→ Work instruction
Under this line are the records; repeat exactly the lines starting at the one containing "Background Green Orange" and ending at the one containing "ce3f3d88e93 Women's Elastic", omitting pictures.
[Dataset]
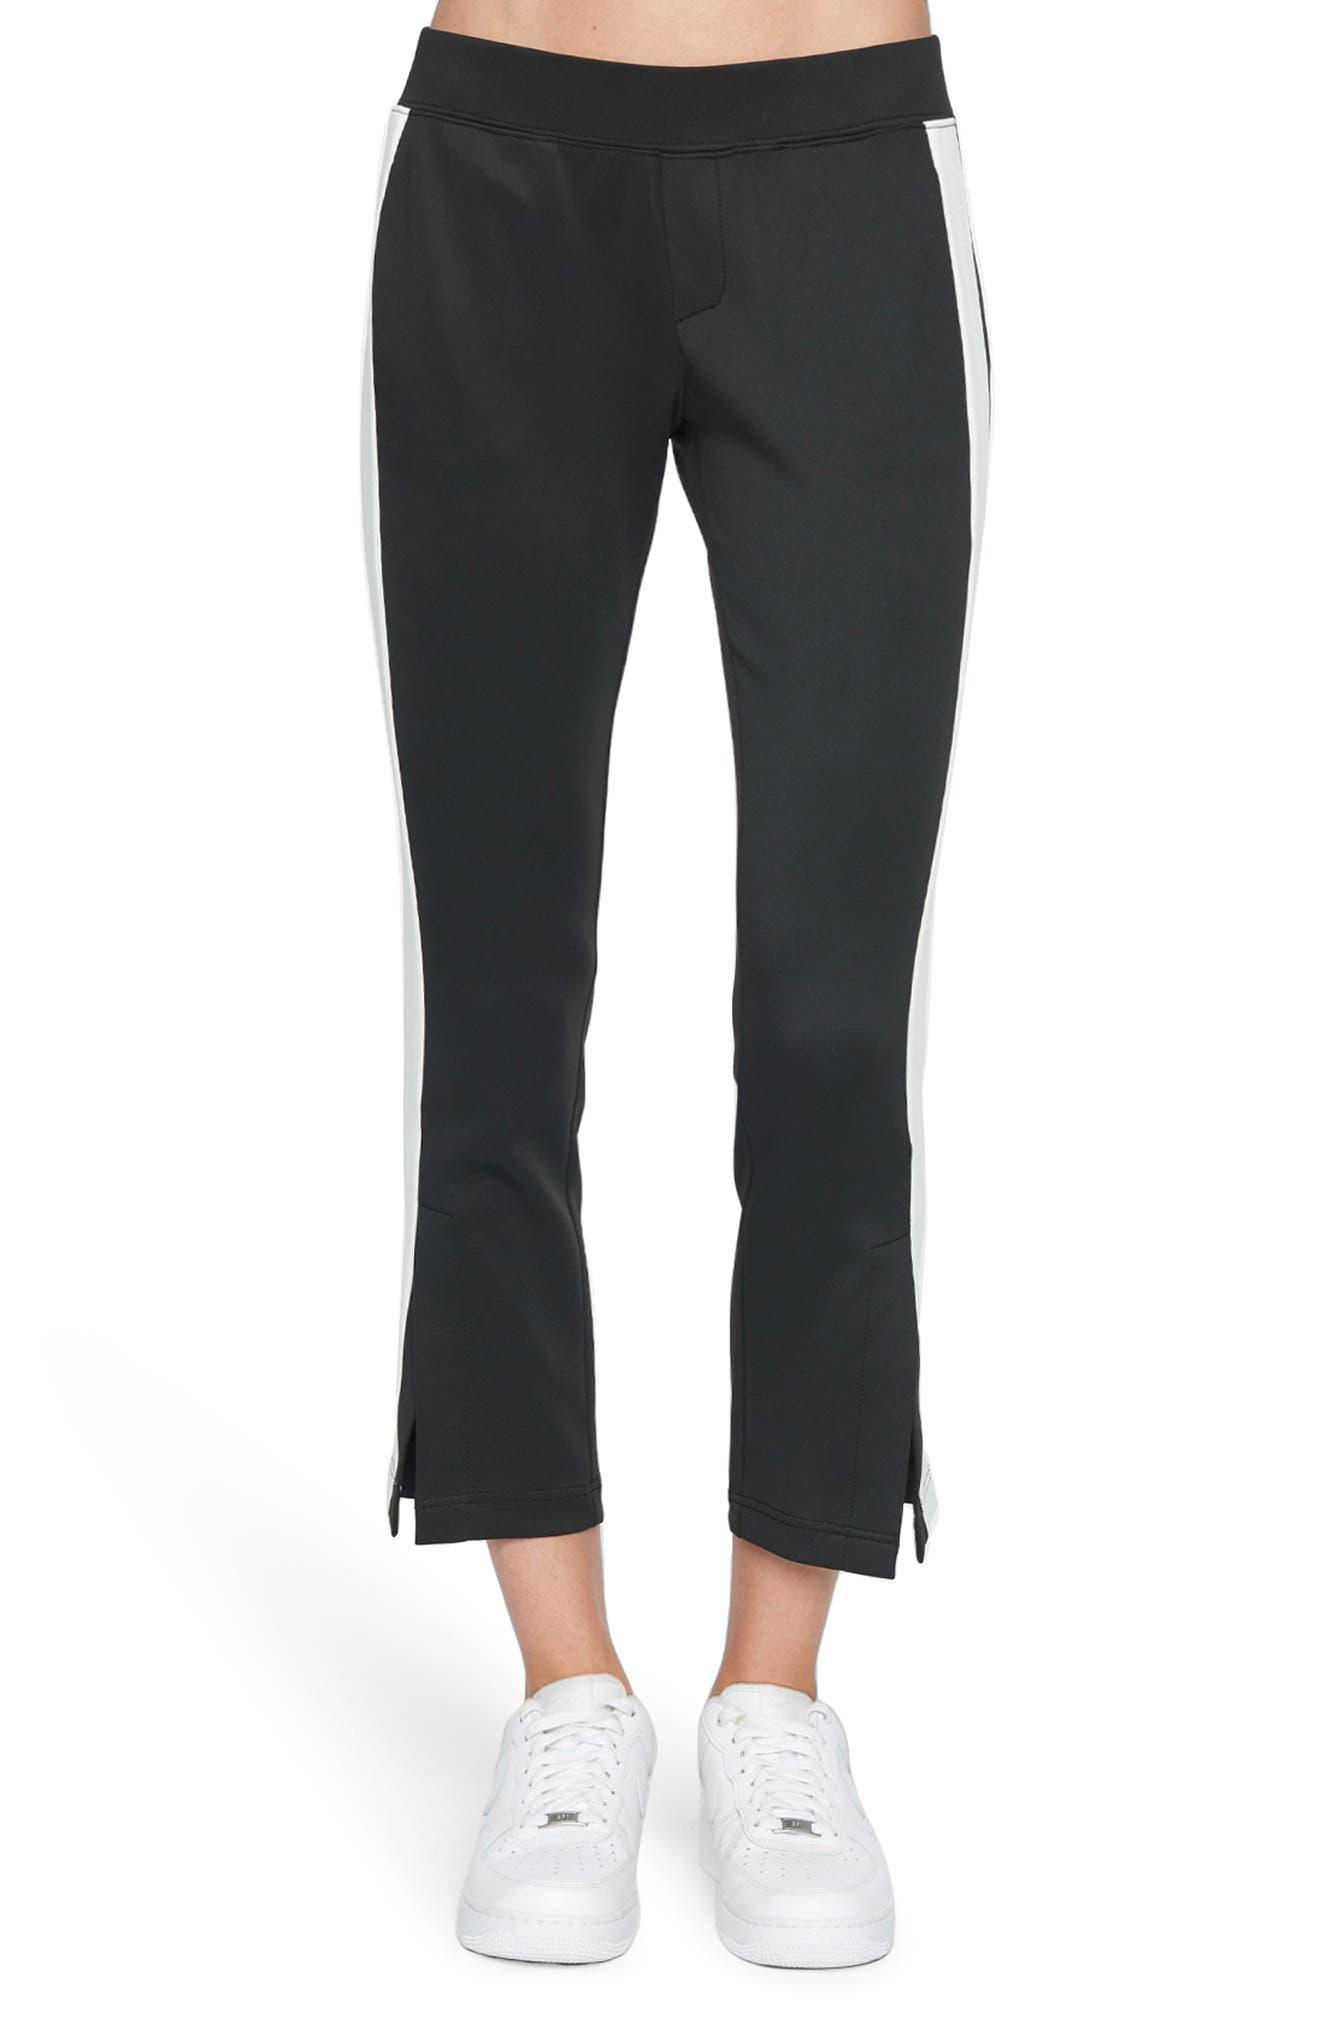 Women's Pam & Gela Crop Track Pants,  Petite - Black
[/Dataset]
[Dataset]
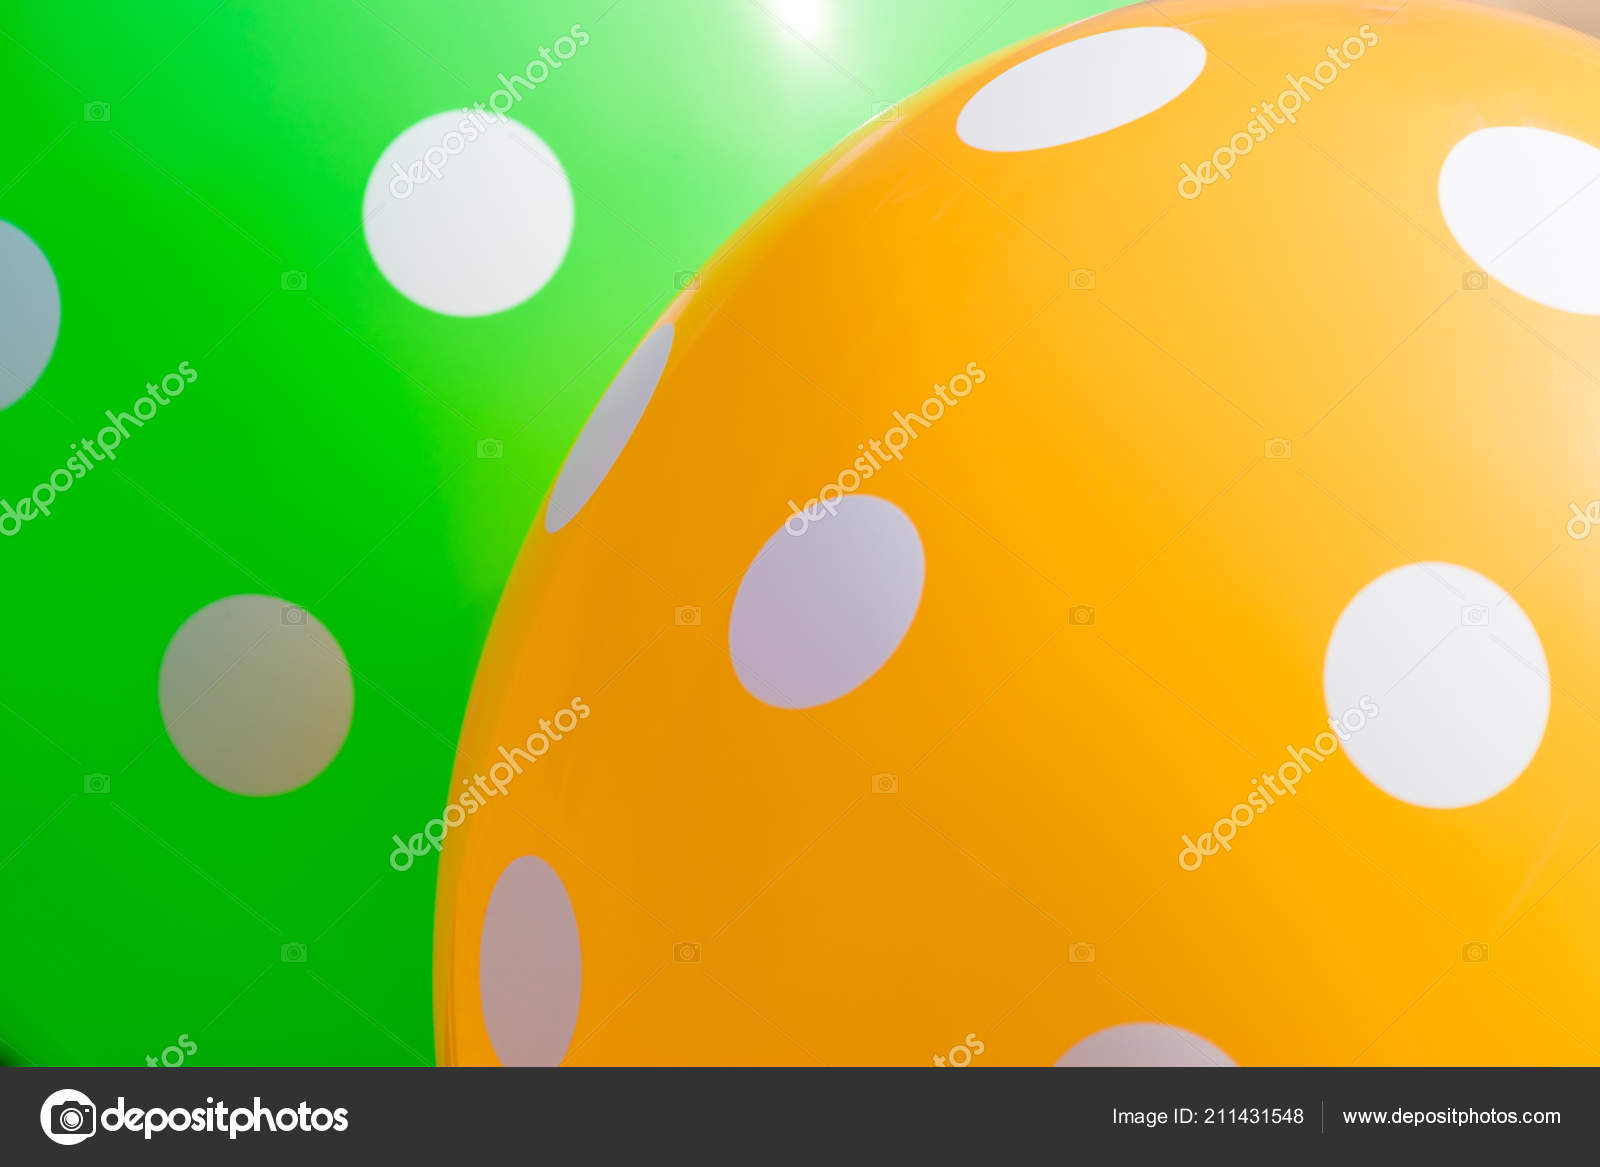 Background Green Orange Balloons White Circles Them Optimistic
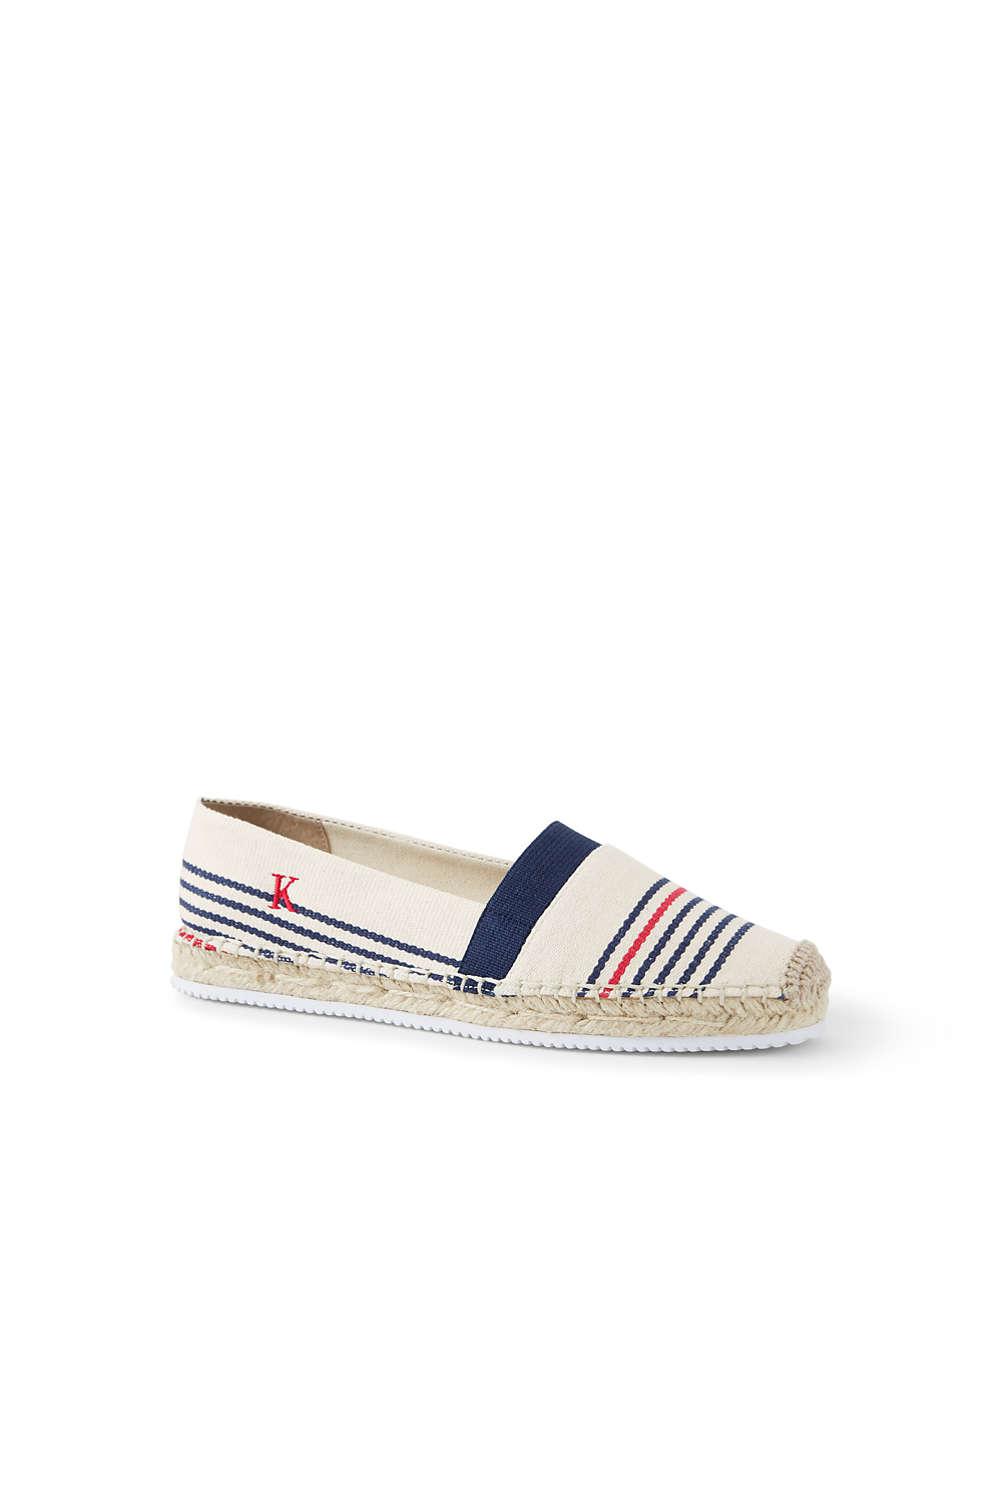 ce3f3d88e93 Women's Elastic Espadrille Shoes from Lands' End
[/Dataset]
→ Response to the exercise
 Background Green Orange Balloons White Circles Them Optimistic
 ce3f3d88e93 Women's Elastic Espadrille Shoes from Lands' End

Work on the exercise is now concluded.